Provision 28. Cargo Gear and Lights

   The owners will be in charge of maintaining the cargo gear of the ship by providing gear that is capable of lifting capacity. The charterers are to have access to all gear and if they require it, the vessel will be permitted to work all day and night for loading and discharging purposes. The vessel will be considered off-hire if cargo gear malfunctions and the owners must pay for stevedores stand-by time as well as the cost of gear. 

Clause 46

   “It is understood…warranty applies only to speed and consumptions as stated above under good weather condition, smooth sea, without exceeding Beaufort Scale wind force 4 or Douglas Sea Scale 3, without adverse current.”

Clause 77

   “Evidence of weather conditions to be taken as reported daily on the noon position to the Charterers.”

The charterers submitted that the shore cranes had been used on 9 and 10 May to discharge steel slabs from holds 2 and 3.  However, the vessel was not able to operate these cranes on 11 May. The tribunal did not approve of the evidence provided by the charterers that the charges they had claimed were credited to the problem with the crane used on 9 and 10 of May. The owners were able to recover the amount the charterers deducted because of this. 

The charterers claimed that their crew was unable to work overnight on 12 May changing the cargo runner because the shore crane was unavailable. The shipowners provided substantial evidence that the repairs done on the damaged crane had been completed and the crane was not required for the work done. The tribunal accepted owners’ evidence and the charterer’s position was rejected.

The charterers used a weather report from 12 May, created by the weather bureau, that calculated a loss of over 43 hours and overconsumption of 26.47 mt IFO and 0.8 mt MDO on the vessel’s voyage. Because of this report, the charterers deducted US$22,000 from hire. The bureau reported that 18 and 20 of April and 2 and 7 of May were named “good weather days”. However, the owners supplied evidence that these days were not good weather days. 

The evidence supported that there were adverse currents on both days in April. The owners asked for 2 May to be excluded because the currents were adverse again and there were significantly high waves that exceeded the maximum wave height stated by Douglas Sea State 3. The owners argued that 7 May should be excluded for similar reasons. The hours used to describe good weather on 7 May were not representative of the whole voyage and the owners claimed it should not be included. 

Owners’ final position was that the weather bureau had used favorable currents in a way that would reduce the ship’s weather performance.  The shipowners objected to the weather bureau splitting the ship’s voyage into four parts instead of taking an average of all four to calculate vessel performance.
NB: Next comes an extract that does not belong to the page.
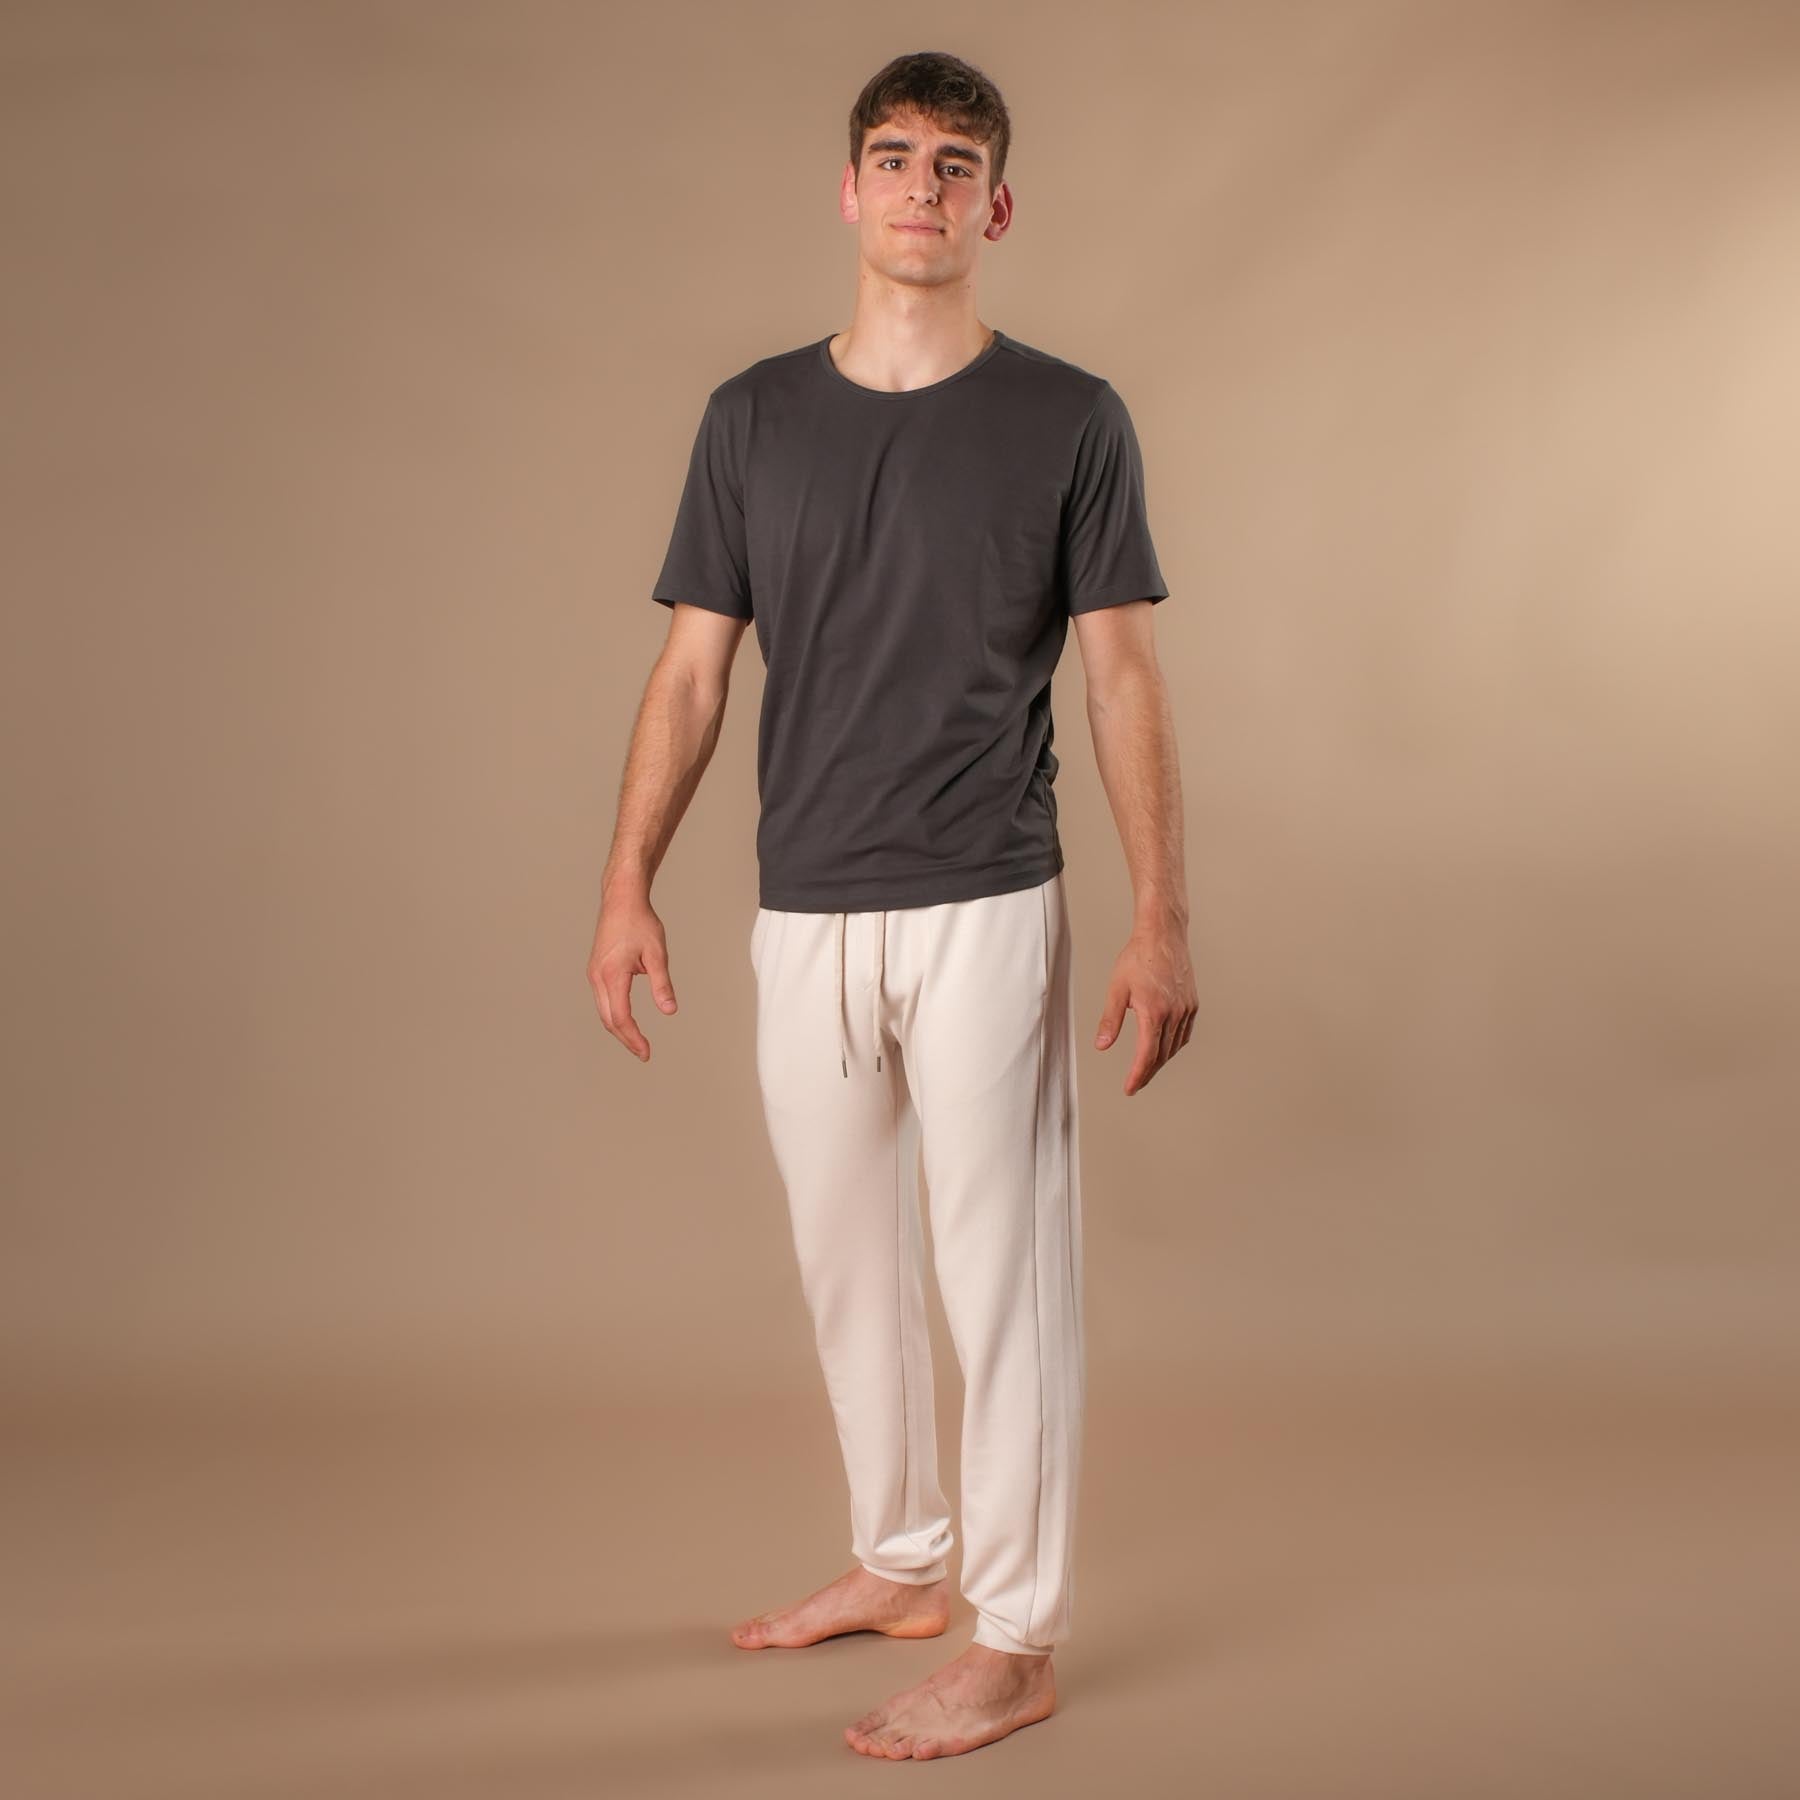 Pantalon de yoga pour hommes Sweatpants écru

The bureau stood by their original findings that 18 April was a good weather day because the net current was positive. They took entries in four six-hour periods. Two of the four periods were found to be negative as an adverse current was reported. However, this was not included in the compilation of dates during the four periods. If it had, the day would have had a negative net current. The weather bureau’s findings wrongly permitted the charterer’s favorable currents to decrease the good weather days.
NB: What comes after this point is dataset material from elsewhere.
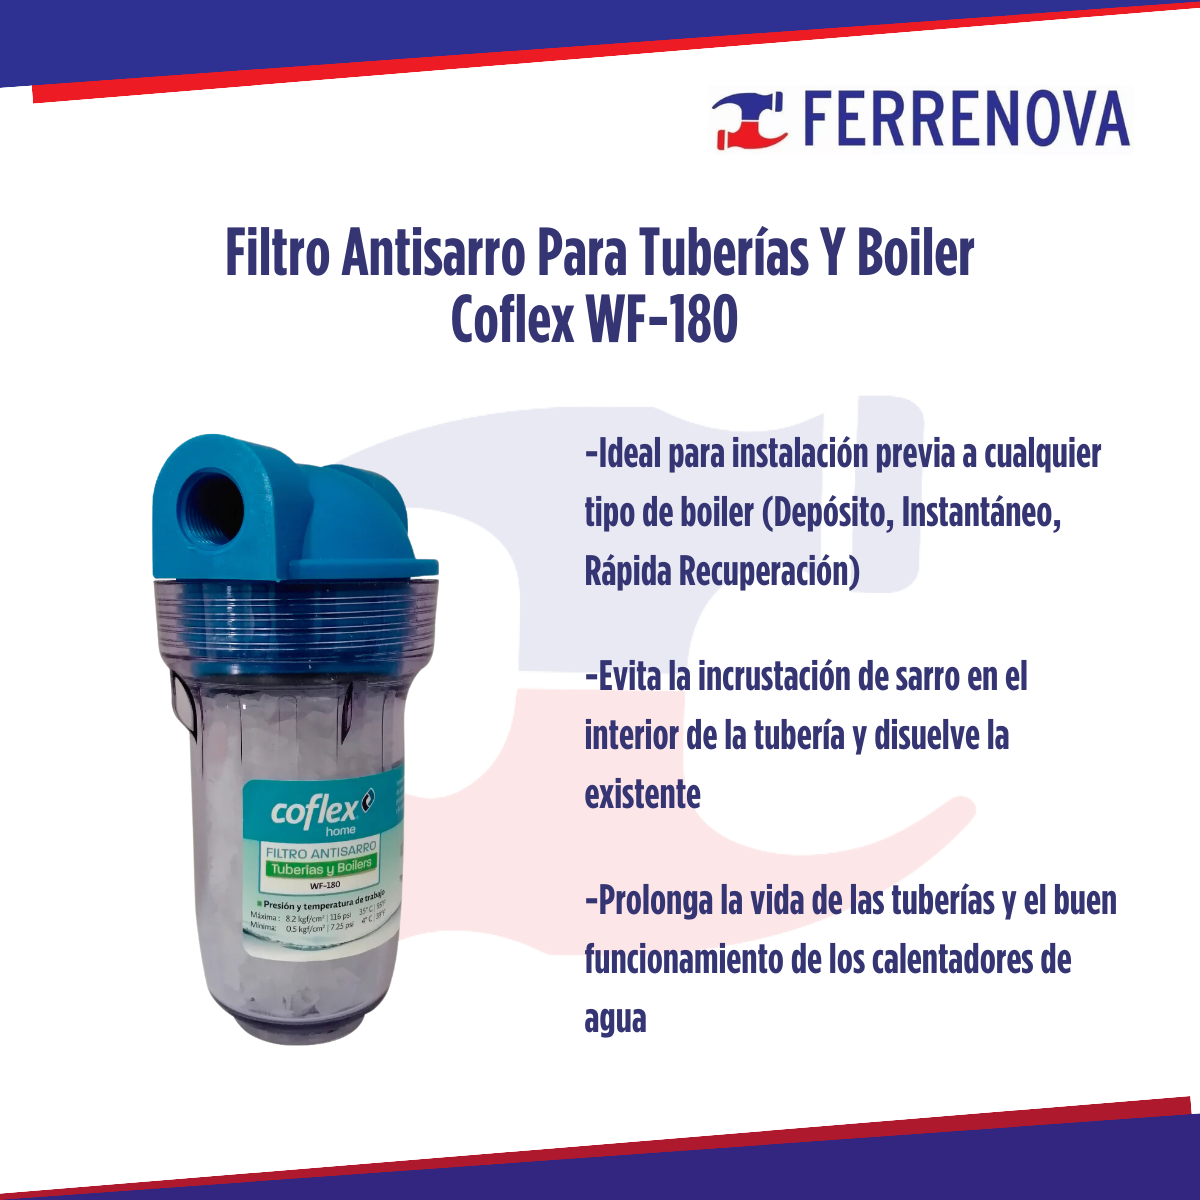 Filtro Antisarro Para Tuberías Y Boiler Coflex WF-180

Similar findings applied to 20 April. 2 May was found to have high wave heights that exceeded the standard found in No 8 Mariner’s Handbook NP100. The tribunal found that 7 May did not have sufficient evidence to use as a basis on the vessel’s performance. The tribunal disagreed with the weather bureau splitting the voyage into 4 parts and instead found that there were no periods of good weather on the voyage and the charterers could not deduct the amount they did from hire. Because of these findings, the owners were awarded a balance of US$27,425.